WORK INSTRUCTIONS: Of all the lines below, return only those starting with the line holding "Alpha Gamma Delta" and going on through the line holding "Droit français : de", exactly as written.

MATERIAL FOR THIS EXERCISE:
################

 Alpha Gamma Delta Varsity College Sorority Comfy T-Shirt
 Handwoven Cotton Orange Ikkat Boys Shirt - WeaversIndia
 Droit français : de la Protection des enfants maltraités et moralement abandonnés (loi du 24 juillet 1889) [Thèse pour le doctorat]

################

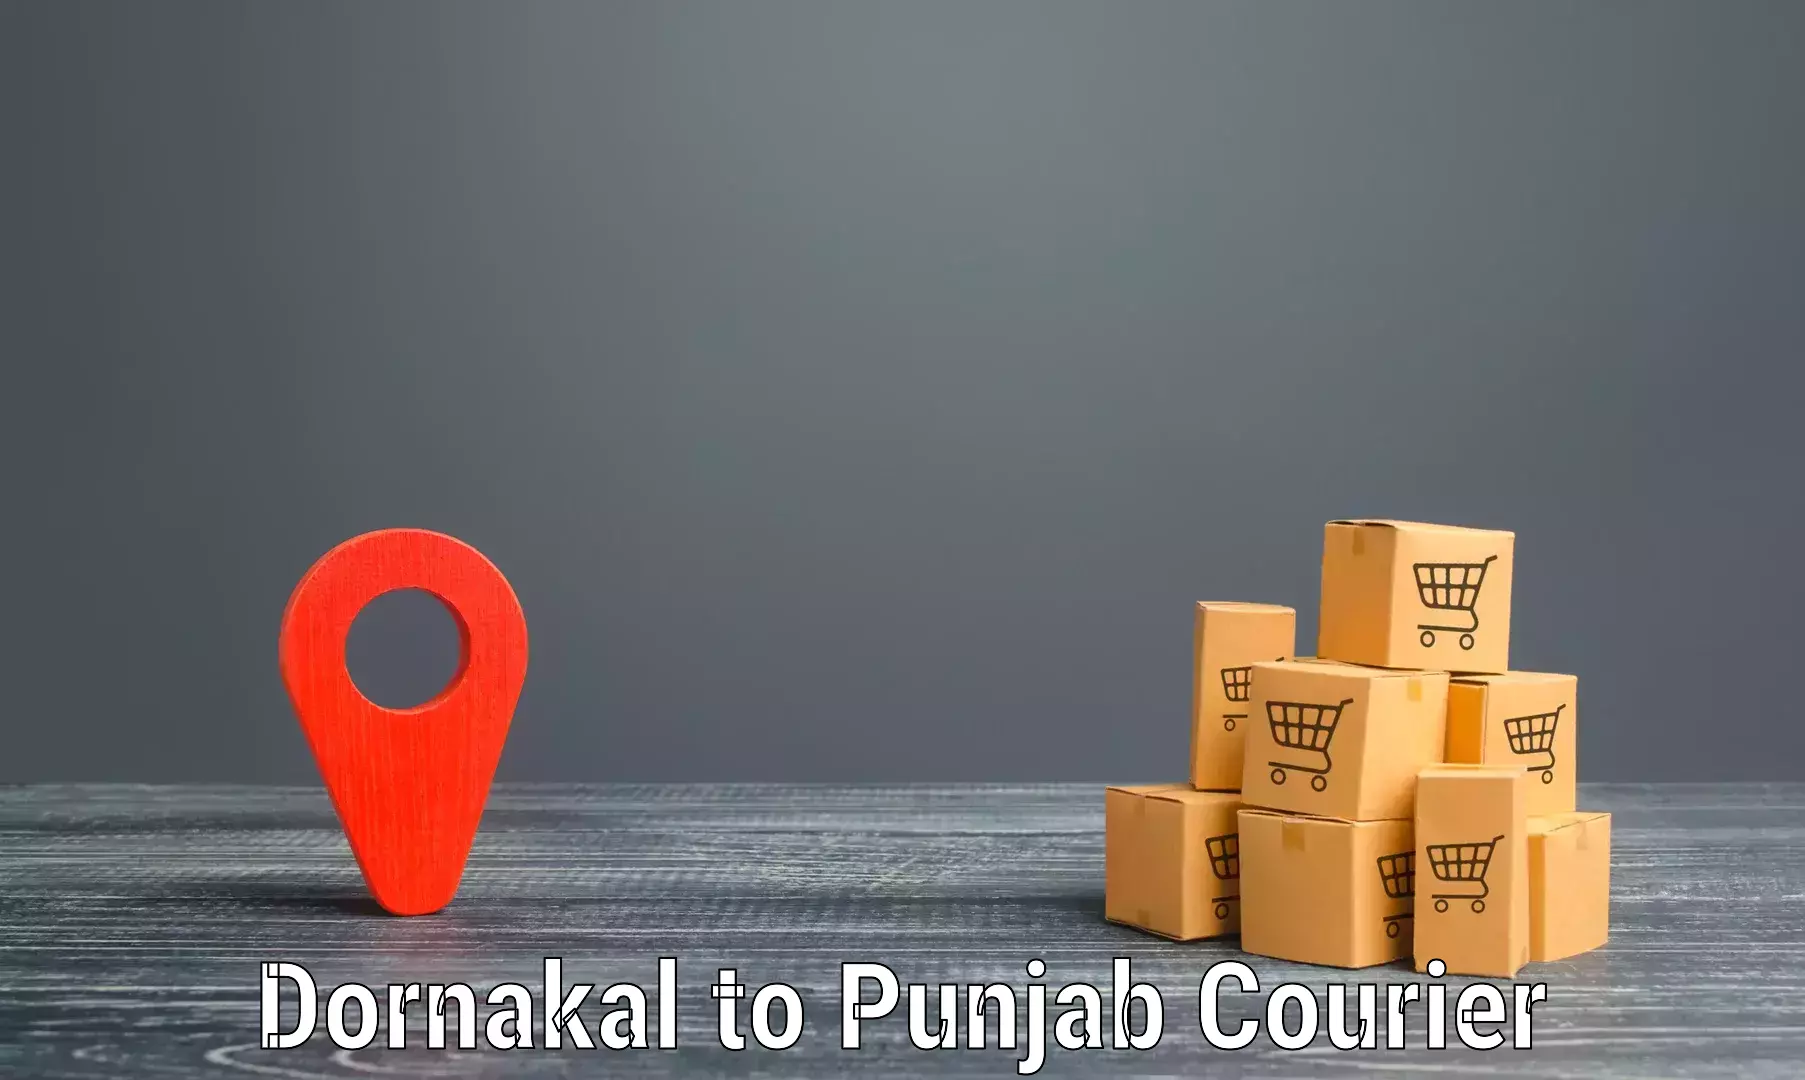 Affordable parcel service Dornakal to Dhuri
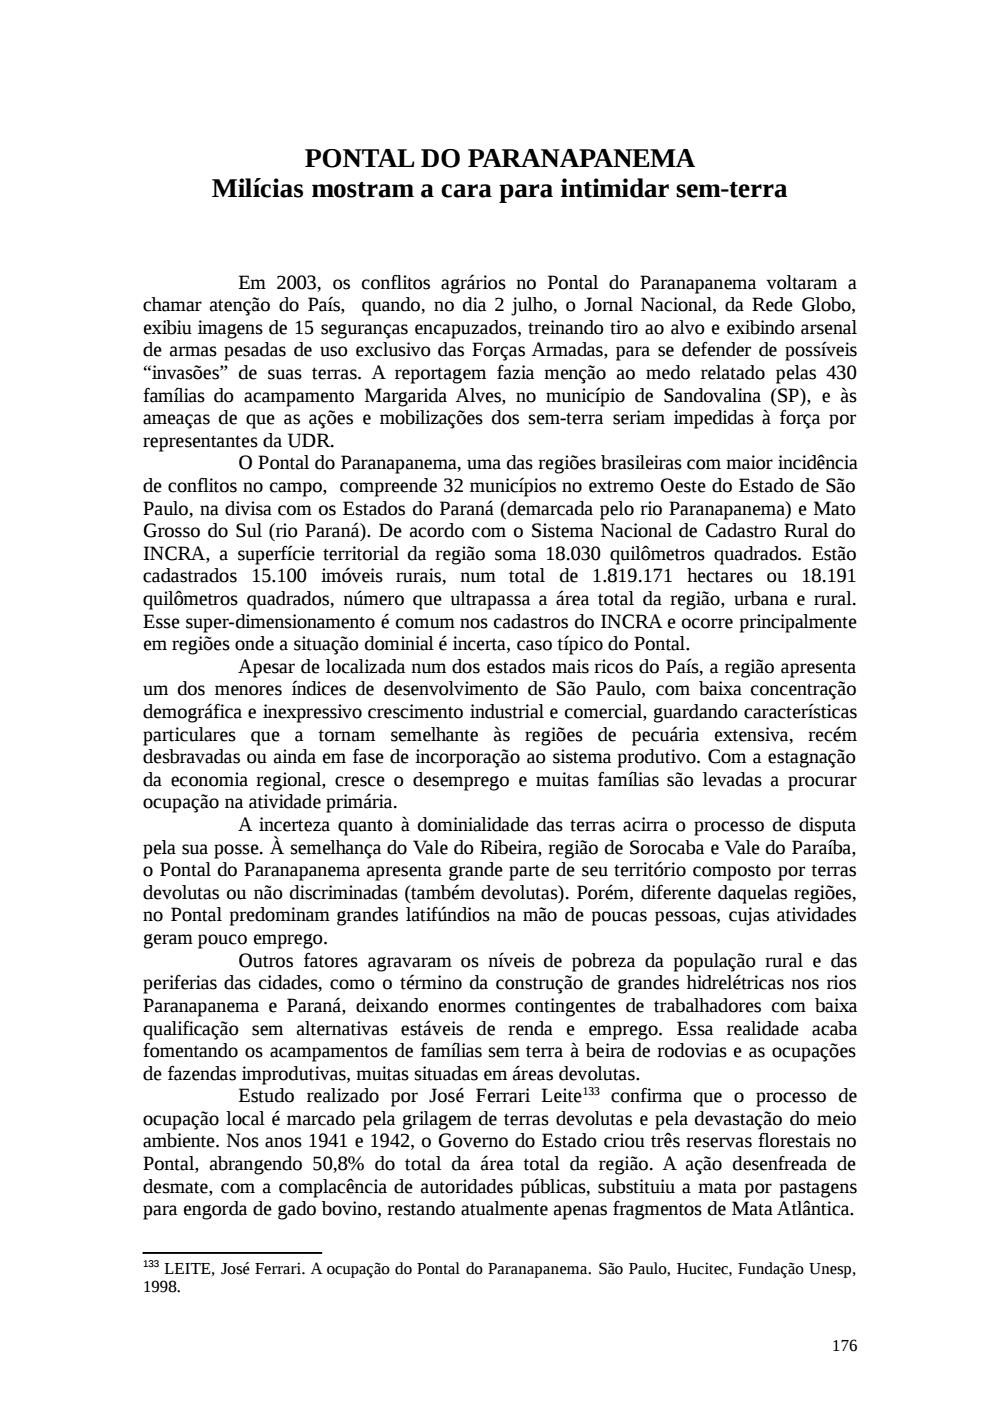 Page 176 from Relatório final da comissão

################

TASK RESULT:
 Alpha Gamma Delta Varsity College Sorority Comfy T-Shirt
 Handwoven Cotton Orange Ikkat Boys Shirt - WeaversIndia
 Droit français : de la Protection des enfants maltraités et moralement abandonnés (loi du 24 juillet 1889) [Thèse pour le doctorat]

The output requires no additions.